## Examples: Implementing an ensemble method using `scikit-learn`
Let's implement a basic ensemble method using the `scikit-learn` library. We'll use the dataset provided to predict the `BiodiversityHealthIndex` using both a single model and an ensemble method for comparison. For the ensemble, we'll use a `RandomForestRegressor`, a popular bagging method.

In [1]:
from sklearn.model_selection import train_test_split
import pandas as pd

# Load the dataset
data = pd.read_csv('https://raw.githubusercontent.com/Explore-AI/Public-Data/master/SDG_15_Life_on_Land_Dataset.csv')

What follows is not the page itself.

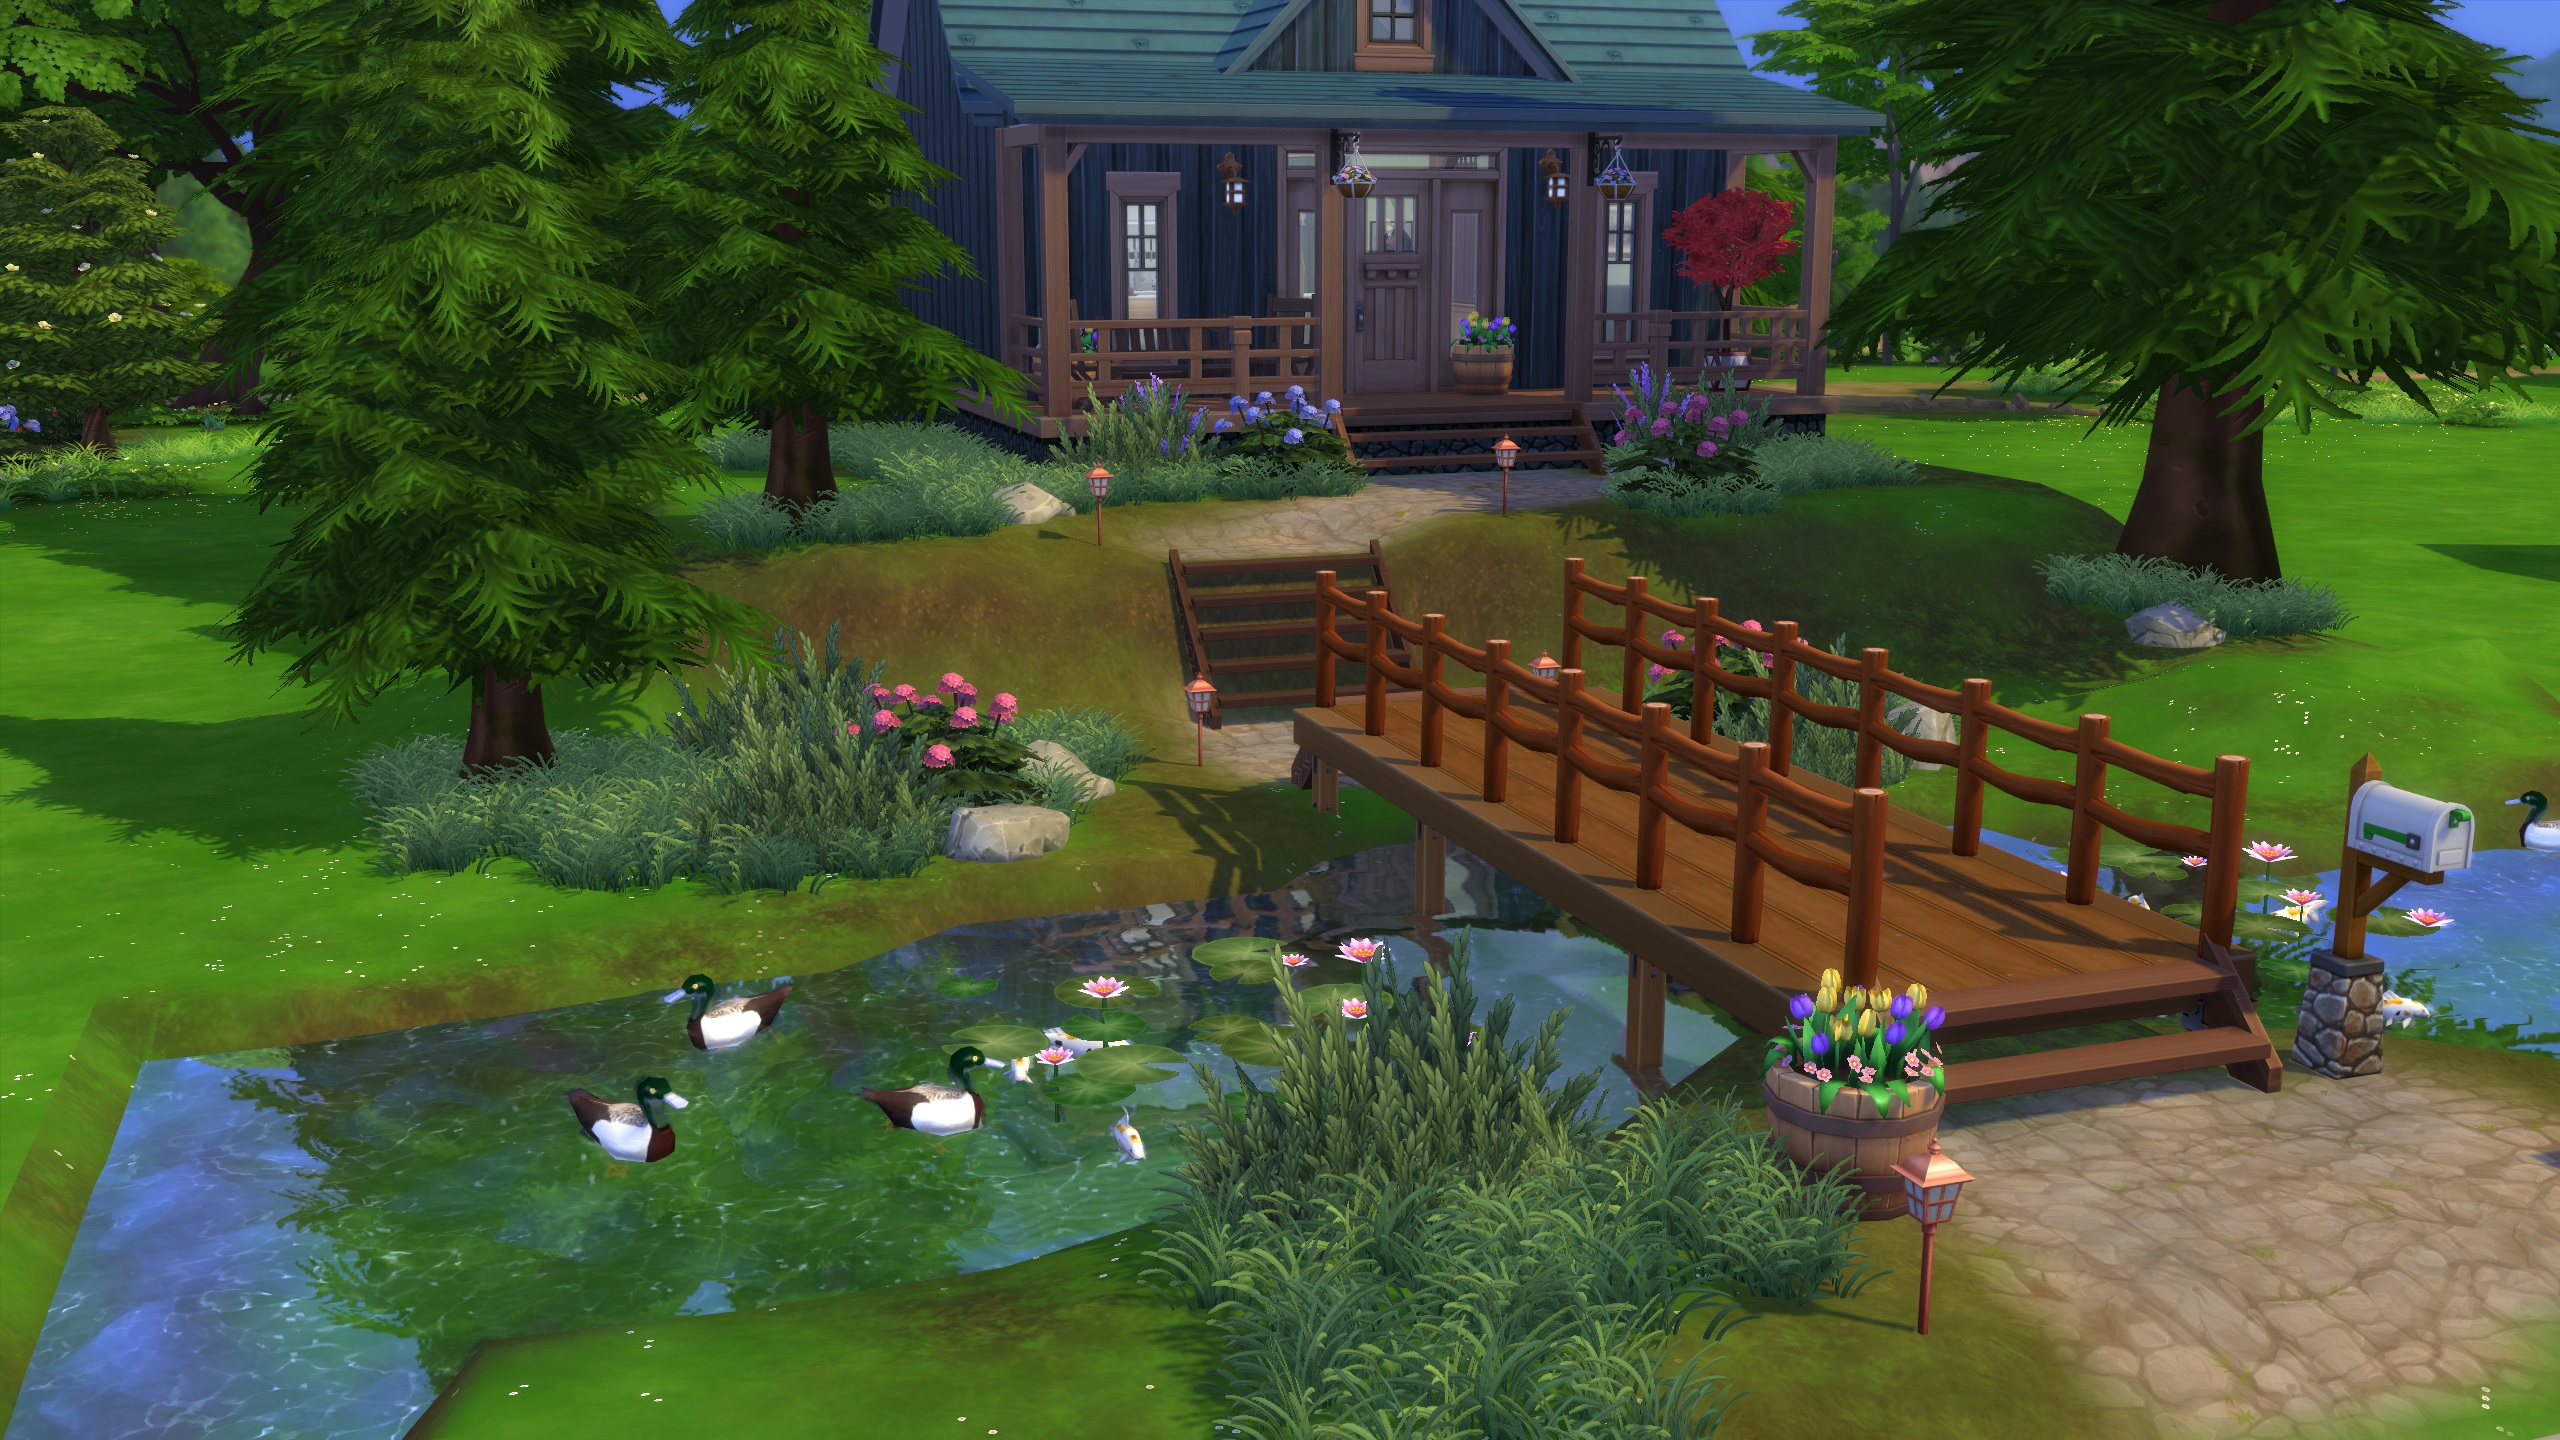 The Sims 4 build tips - A bridge over a small creek leading to a small house on a hill behind trees and grassy foliage.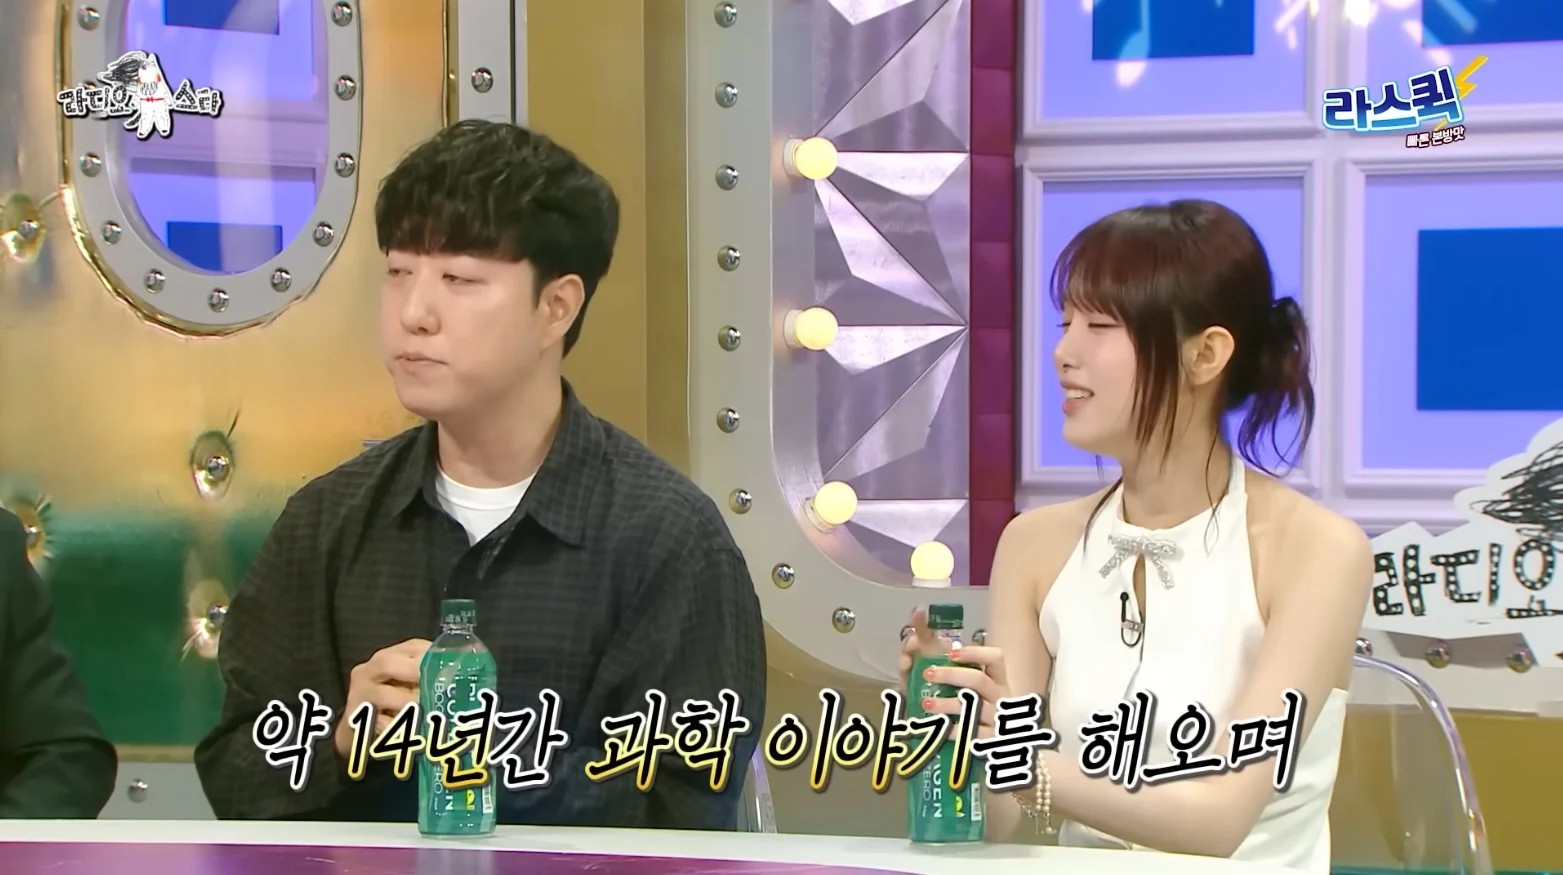 A YouTuber's orbital talk that appeared on Radio Star with as many as 5 people

# Define features and target
X = data.drop('BiodiversityHealthIndex', axis=1)
y = data['BiodiversityHealthIndex']

# Split the data into training and testing sets
X_train, X_test, y_train, y_test = train_test_split(X, y, test_size=0.2, random_state=42)

 Building individual models

Let's first build a simple decision tree regressor as our weak learner for comparison.

In [2]:
from sklearn.tree import DecisionTreeRegressor
from sklearn.metrics import mean_squared_error

# Initialise and train the decision tree
tree_model = DecisionTreeRegressor(random_state=42, max_depth=3)
tree_model.fit(X_train, y_train)

# Predict and evaluate
tree_predictions = tree_model.predict(X_test)
tree_mse = mean_squared_error(y_test, tree_predictions)
print(f"Decision Tree MSE: {tree_mse}")


Decision Tree MSE: 0.08696874034772016


 Building an ensemble model

Now, let's use the `RandomForestRegressor` as our ensemble method.

In [3]:
from sklearn.ensemble import RandomForestRegressor

# Initialise and train the random forest
forest_model = RandomForestRegressor(n_estimators=100, random_state=42, max_depth=3)
forest_model.fit(X_train, y_train)

# Predict and evaluate
forest_predictions = forest_model.predict(X_test)
forest_mse = mean_squared_error(y_test, forest_predictions)
print(f"Random Forest MSE: {forest_mse}")

Random Forest MSE: 0.0858280816891359


## Conclusion
By comparing the mean squared error (MSE) of the decision tree model with that of the random forest, we can observe the impact of using ensemble methods. Note that we used a `max_depth=3` parameter in both the decision tree and random forest models, to ensure we're seeing the impact of using ensembles. Typically, the random forest (an ensemble method) should outperform the single decision tree due to its ability to reduce overfitting and variance in predictions. Limiting the max_depth parameter prevents overfitting the data, which could lead to individual trees being rather complex and elaborate.